Она согласилась, и мы расстались.

Когда она ушла, я вспомнил, что мы так и не договорились.

Дик встретил меня недалеко от дома.

— Я устроил твое дело, — сказал я ему.

— Очень мило с твоей стороны, — ответил он.

— Но помни: условие, чтобы ты серьезно отнесся к делу и работал усердно. Иначе, говорю тебе прямо, ты много потеряешь в моем мнении.

— Хорошо, правитель, — ответил он шутливо. — Не волнуйся.

— И в глазах мистера Сен-Леонара ты тоже потеряешь. Он составил о тебе высокое мнение. Не подавай ему повода изменить его.

— Ничего, мы с ним поладим. Не правда ли, славный старик?

— И мисс Дженни тоже изменит свое мнение о тебе, — закончил я.

— Она это сказала? — спросил он.

— Упомянула при случае, — объяснил я. — Впрочем… я только теперь вспомнил об этом: просила не говорить тебе. Она желала, чтоб я дал тебе понять, что ты потеряешь в мнении ее отца.

Дик шел рядом со мной некоторое время молча.

— Мне жаль, что я огорчал тебя, папа, — сказал он наконец.

— Я рад, что ты сознаешь это, — ответил я.

— Я теперь начну новую страницу в своей жизни, — сказал он. — Я стану усердно работать.

— Со временем, — ответил я.

VI

В этот день у нас за вторым завтраком была разогретая ветчина. Да и той немного. По-видимому, — остаток от первого завтрака. Но красивое блюдо петрушки имело привлекательный вид. Однако трудно было предположить, чтоб его хватило на завтрак четверых, из которых двое провели все утро на свежем воздухе. Это служило к извинению Дика.

— Я никогда не слыхал, чтоб на закуску подавали холодную жареную ветчину, — сказал он.

— Это вовсе не закуска, — объяснила Робина. — Больше к завтраку ничего не будет.

Она говорила холодным, бесстрастным голосом человека, отрешившегося от всяких людских волнений, и прибавила, что на ее долю ничего не надо, так как она уже позавтракала.

Вероника, изображая в тоне и манере нечто среднее между безукоризненной леди и христианской мученицей, объявила, что и она уже позавтракала.

— Жалею, что не могу сказать того же про себя, — ворчал Дик.

Я взглянул на него, предостерегая. Он, очевидно, готовил себе неприятность. Как я объяснил ему впоследствии, женщина опаснее всего, когда принимает кроткий вид. Мужчина, чувствуя раздражение, старается как можно скорее выказать его. Какой-нибудь пустячный беспорядок для него, в таком состоянии, находка. Оборвавшийся башмачный шнурок или отскочившая пуговица у сорочки является для него водой в пустыне. Какая-нибудь запонка, магически исчезнувшая из его пальцев и как бы растворившаяся в пространстве, для него благодать, какую боги посылают только своим любимцам. К тому времени как он успеет десять раз оползти кругом комнаты на четвереньках, обломить машинку для снимания сапог, шаря ею под гардеробом, наткнуться и удариться о каждую мебель в комнате и, в конце концов, наступив на эту самую запонку, раздавить ее, — весь его гнев улетучится. Все в нем уляжется и успокоится. Он приколет воротник английской булавкой, напевая притом про себя старинную песенку.

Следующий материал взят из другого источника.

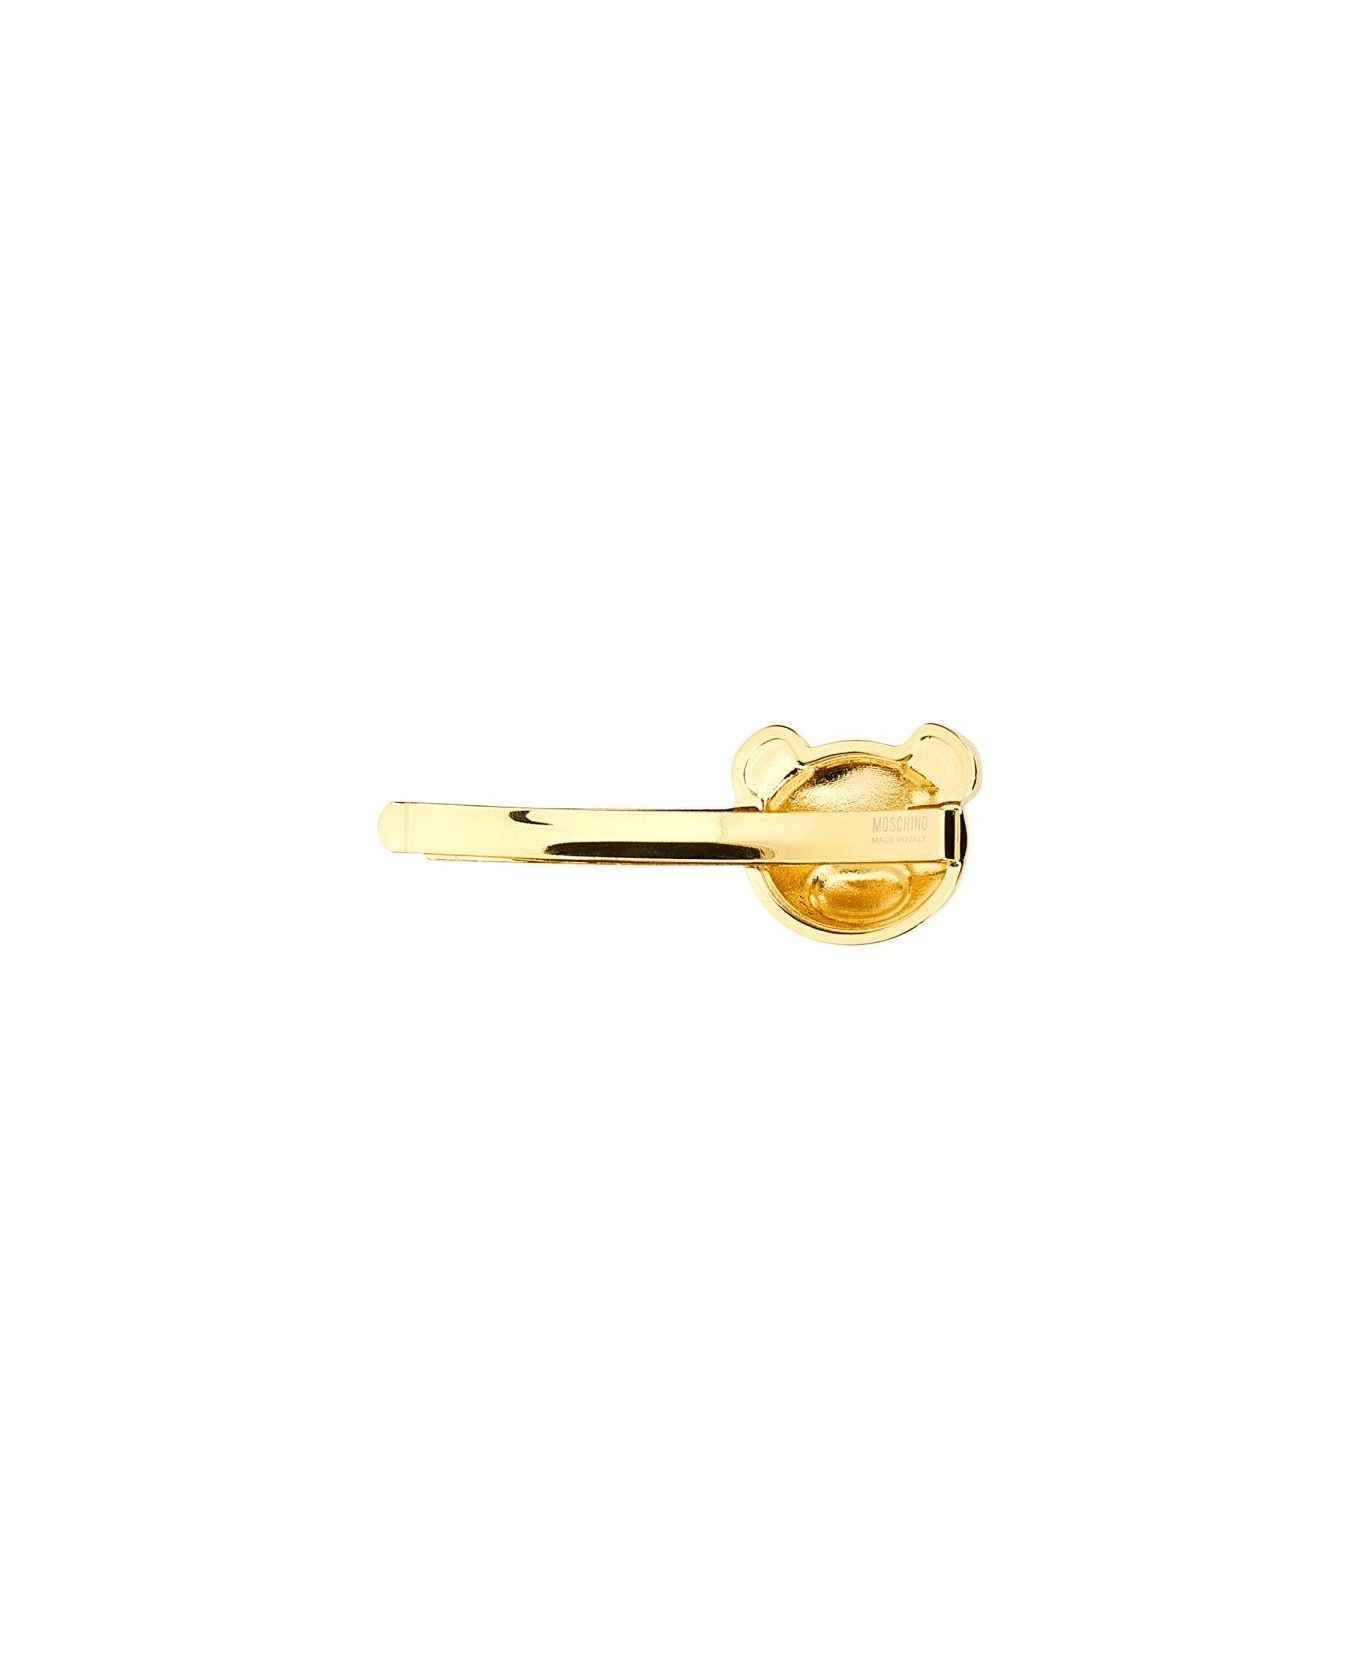 Moschino Teddy Bear Logo Engraved Tie Clip - GOLD

За отсутствием даров Провидения, дети — если они здоровы — также доставляют ему возможность облегчить раздражение. Рано или поздно один из ребят сделает что-нибудь такое, чего не посмел бы сделать их отец в детстве — даже что ему и в голову не могло бы прийти. Ребенок начинает уверять, что, во-первых, он не совершал приписываемого ему проступка, что по многим причинам, на большинстве которых не стоит останавливаться, он не мог его сделать; а во-вторых, что он сделал именно то, что ему приказывали сделать, и желая всегда быть послушным — он пожертвовал всеми своими взглядами, отступил от своего правила и сделал это. (Ведь мир, хотя медленно, но идет вперед, и рассуждения ребенка тому доказательство.) Таким образом ребенок доказывает, что он не мог бороться против судьбы.

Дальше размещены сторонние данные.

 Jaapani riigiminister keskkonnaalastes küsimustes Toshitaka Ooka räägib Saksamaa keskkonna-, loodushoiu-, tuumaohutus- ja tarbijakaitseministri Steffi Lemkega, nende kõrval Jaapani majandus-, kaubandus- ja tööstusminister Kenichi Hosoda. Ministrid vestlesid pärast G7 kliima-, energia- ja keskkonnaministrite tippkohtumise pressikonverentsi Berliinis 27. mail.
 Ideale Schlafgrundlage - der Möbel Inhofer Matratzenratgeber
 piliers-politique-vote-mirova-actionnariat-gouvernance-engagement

Отец заявляет, что не желает слушать всех оправданий по этому поводу или по другому ни теперь ни впредь. Он говорит, что теперь в доме все пойдет по-иному, все переменится. Он вдруг вспоминает все правила и постановления, изданные им за последние десять лет для общего руководства и забытые всеми, в том числе и им самим. Он спешит перечислить их все снова, боясь, как бы опять не позабыть чего. К тому времени, как ему самому, если не другим, удастся понять, чего он хочет, дети начинают вертеться у его ног, выманивая у него обещания, в которых впоследствии, успокоившись, он будет раскаиваться.

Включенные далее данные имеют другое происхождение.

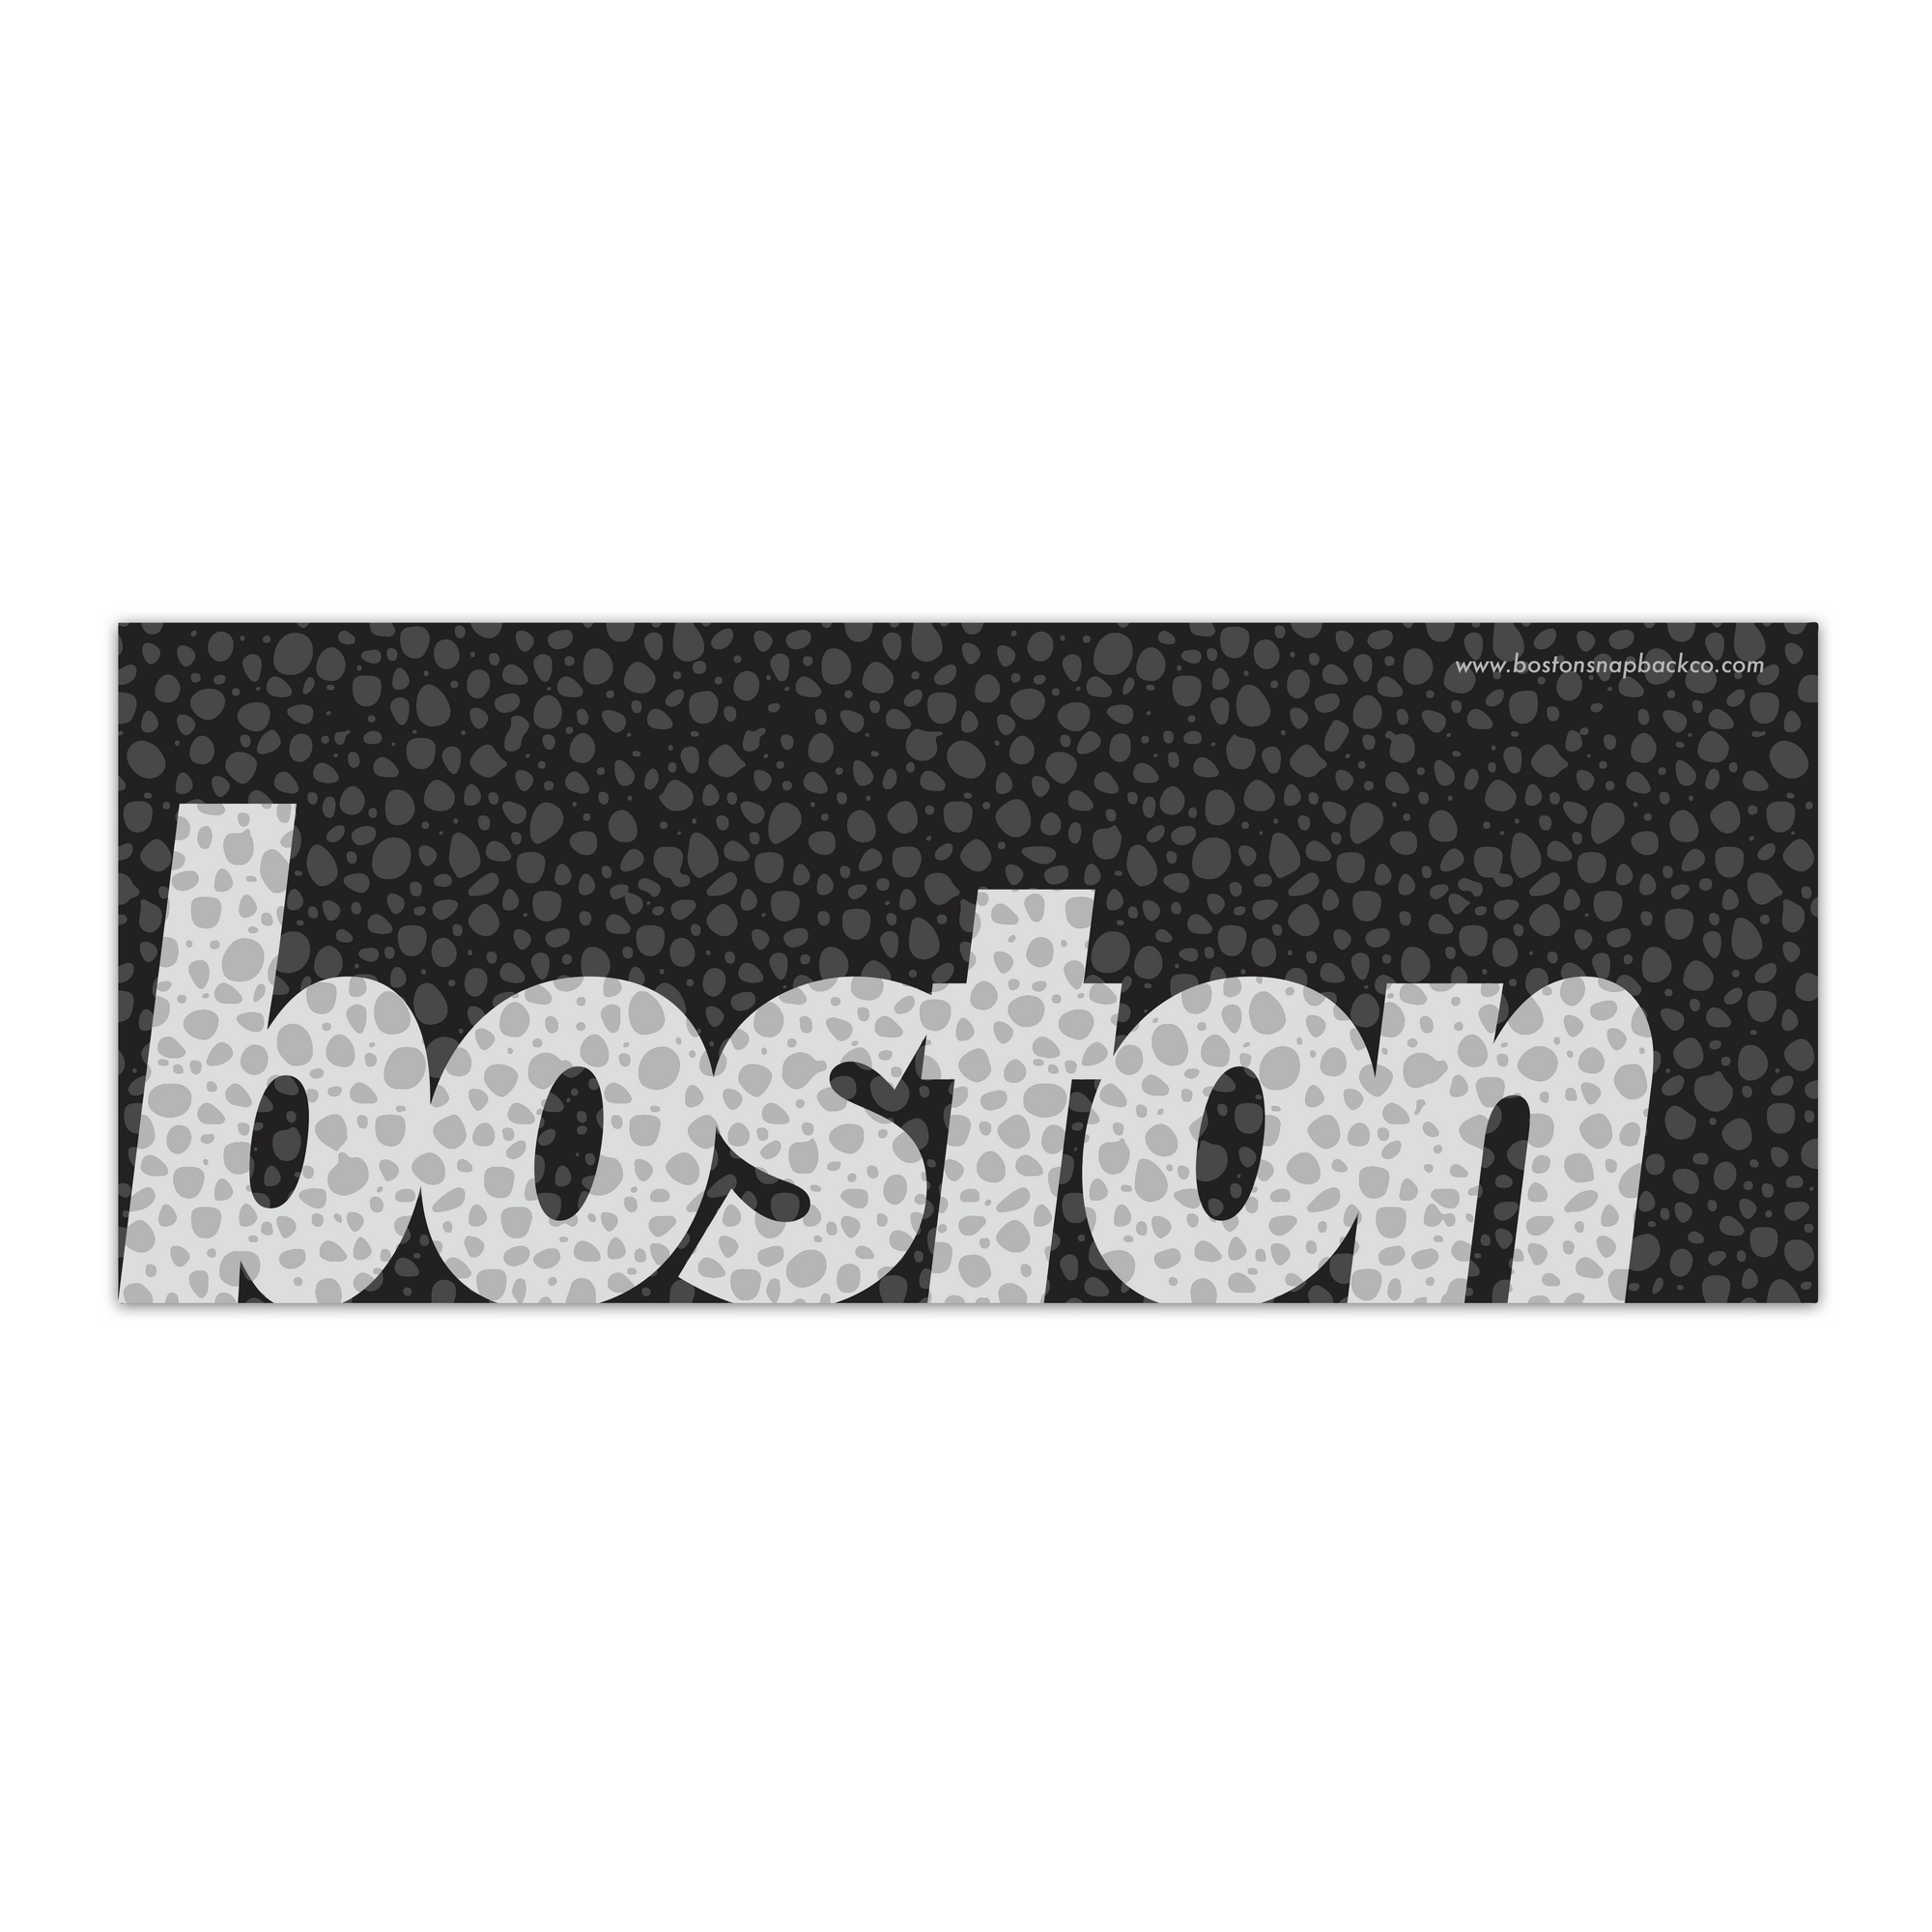 The Safari Sticker - Boston Snapback Company

Я знаю одну женщину — умную и добрую женщину, старающуюся каждый раз, как она замечает, что раздражение начинает мучить мужа, облегчить его страдания. Я знаю, что с этой целью она отыскивает где-нибудь газету от прошлого месяца и, выгладив ее, кладет ему на тарелку за завтраком.

— За одно надо благодарить судьбу, — ворчит он десять минут спустя с своего конца стола, — что мы не живем в Дитчли на болоте.

— Должно быть, сырое место, судя по названию, — замечает жена.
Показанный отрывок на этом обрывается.